Model: AI-ModelScope/DeepSeek-Coder-V2-Lite-Instruct Source: Original Platform
2026-05-22 17:26:13 +08:00
commit b4b414c780
15 changed files with 207838 additions and 0 deletions
--- a/tokenization_deepseek_fast.py
+++ b/tokenization_deepseek_fast.py
@@ -0,0 +1,38 @@
+from typing import List, Optional, Union
+
+
+from transformers.models.llama import LlamaTokenizerFast
+
+
+class DeepseekTokenizerFast(LlamaTokenizerFast):
+
+    def convert_ids_to_tokens(
+        self, ids: Union[int, List[int]], skip_special_tokens: bool = False
+    ) -> Union[str, List[str]]:
+        """
+        Converts a single index or a sequence of indices in a token or a sequence of tokens, using the vocabulary and
+        added tokens.
+
+        Args:
+            ids (`int` or `List[int]`):
+                The token id (or token ids) to convert to tokens.
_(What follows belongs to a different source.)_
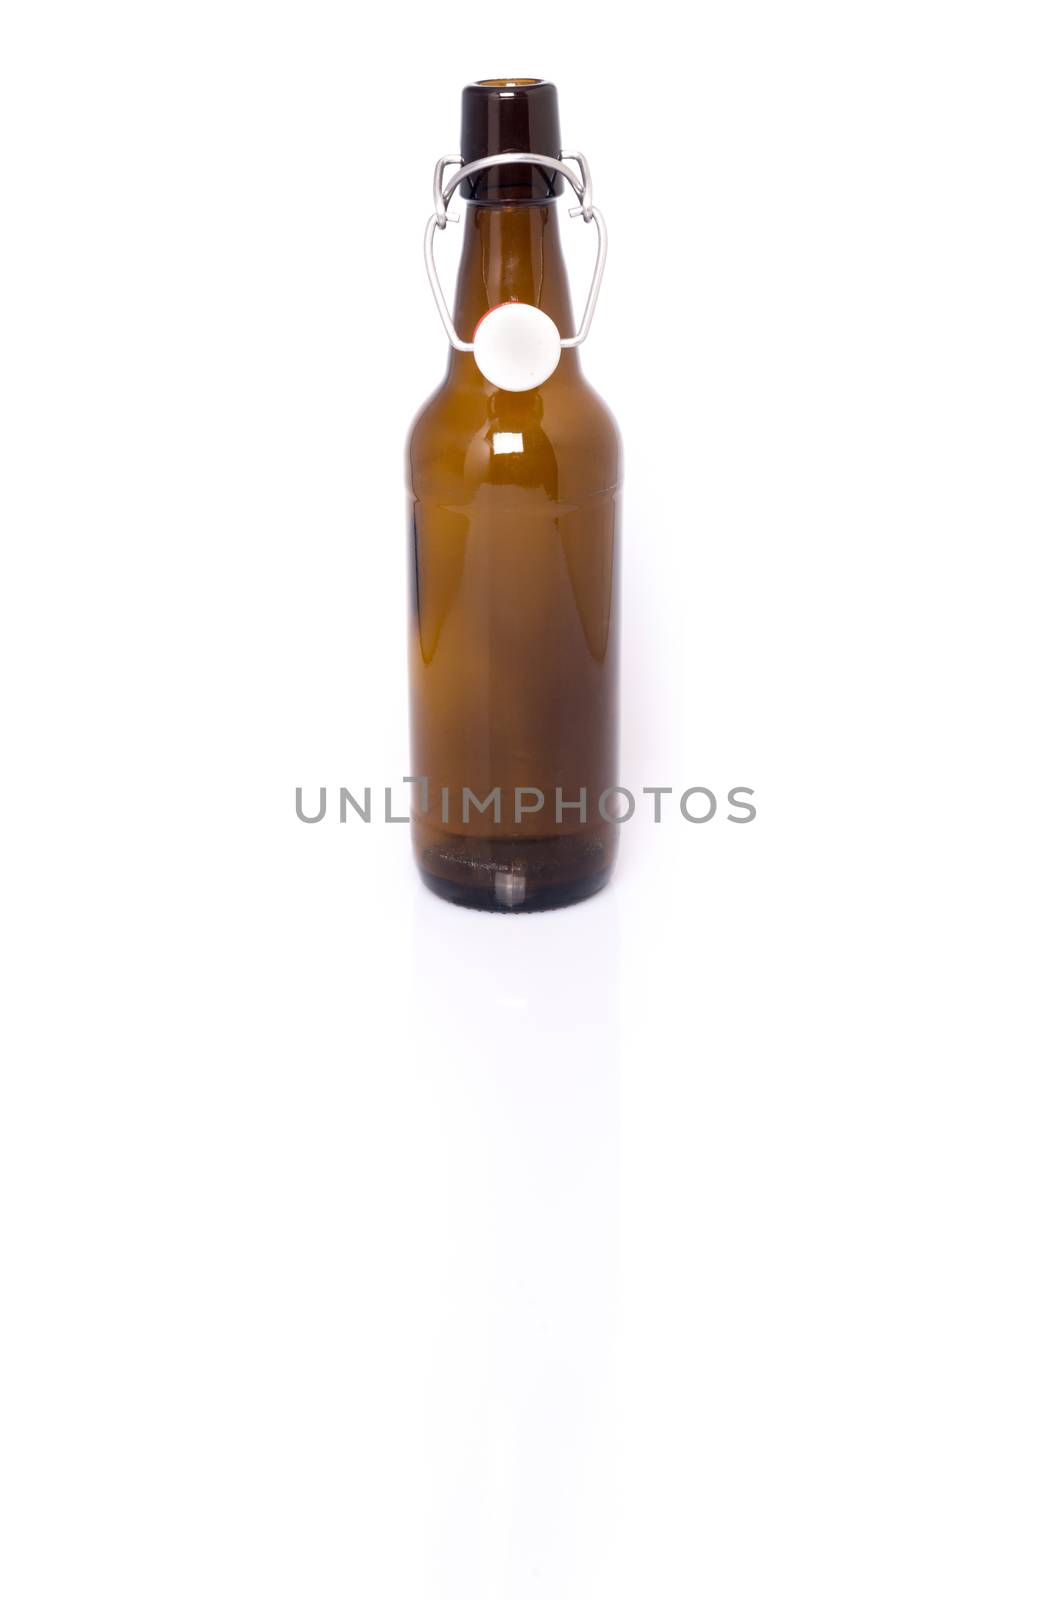 Traditional bavarian beer bottle with swing top with reflection and shadow on white. Labels removed for your own branding if needed.
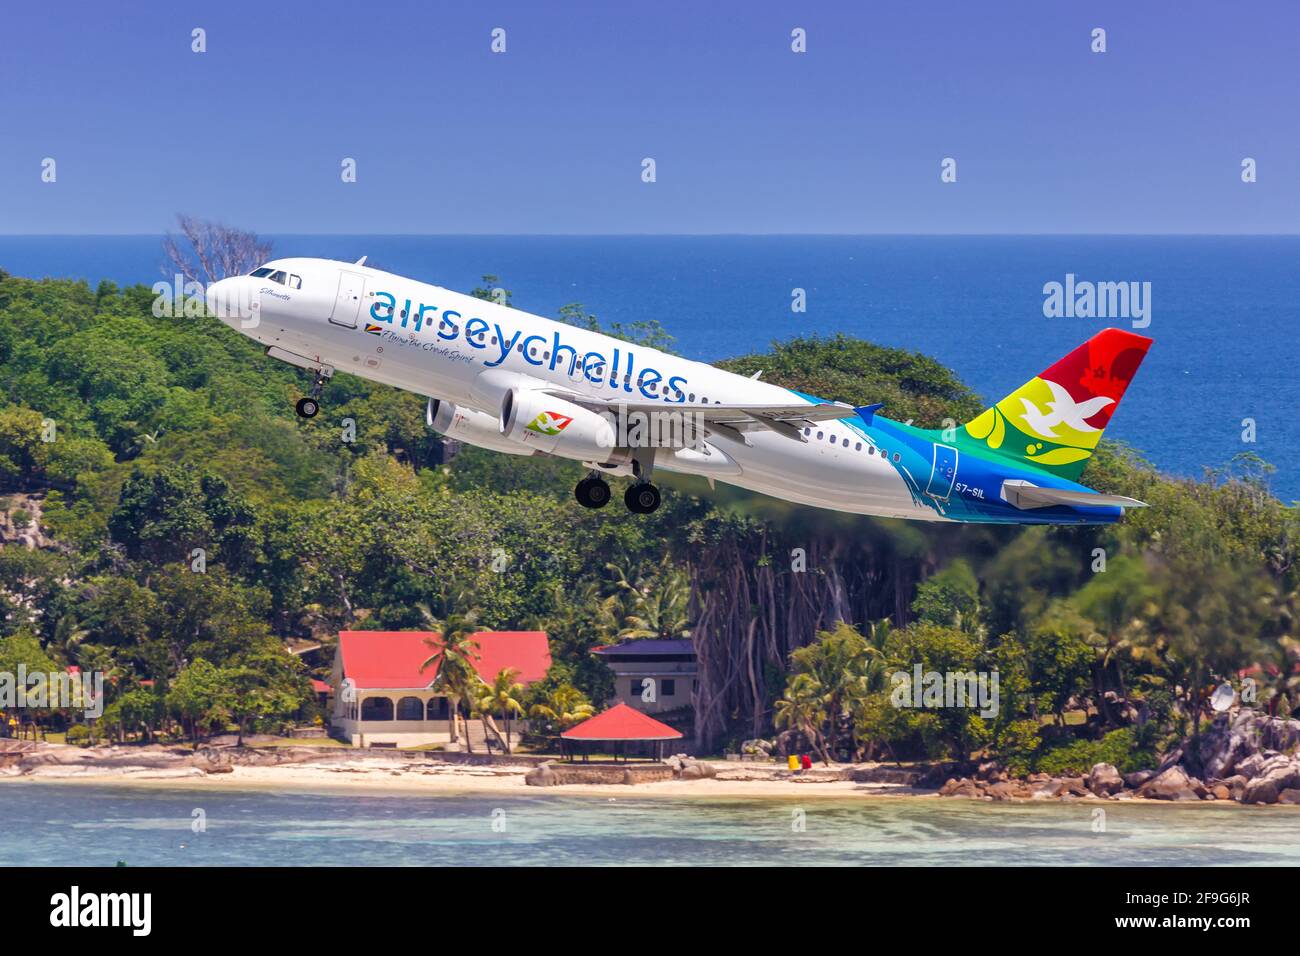 Mahe, Seychelles - November 25, 2017: Air Seychelles Airbus A320 airplane at Seychelles International Airport (SEZ) in the Seychelles. Airbus is a Eur Stock Photo

+            skip_special_tokens (`bool`, *optional*, defaults to `False`):
+                Whether or not to remove special tokens in the decoding.
+
+        Returns:
+            `str` or `List[str]`: The decoded token(s).
+        """
+        if isinstance(ids, int):
+            return self._convert_id_to_token(ids)
+        tokens = []
+        for index in ids:
+            index = int(index)
+            if skip_special_tokens and index in self.all_special_ids:
+                continue
+            token = self._tokenizer.id_to_token(index)
+            tokens.append(token if token is not None else "")
+        return tokens
+    
+    def _convert_id_to_token(self, index: int) -> Optional[str]:
+        token = self._tokenizer.id_to_token(int(index))
+        return token if token is not None else ""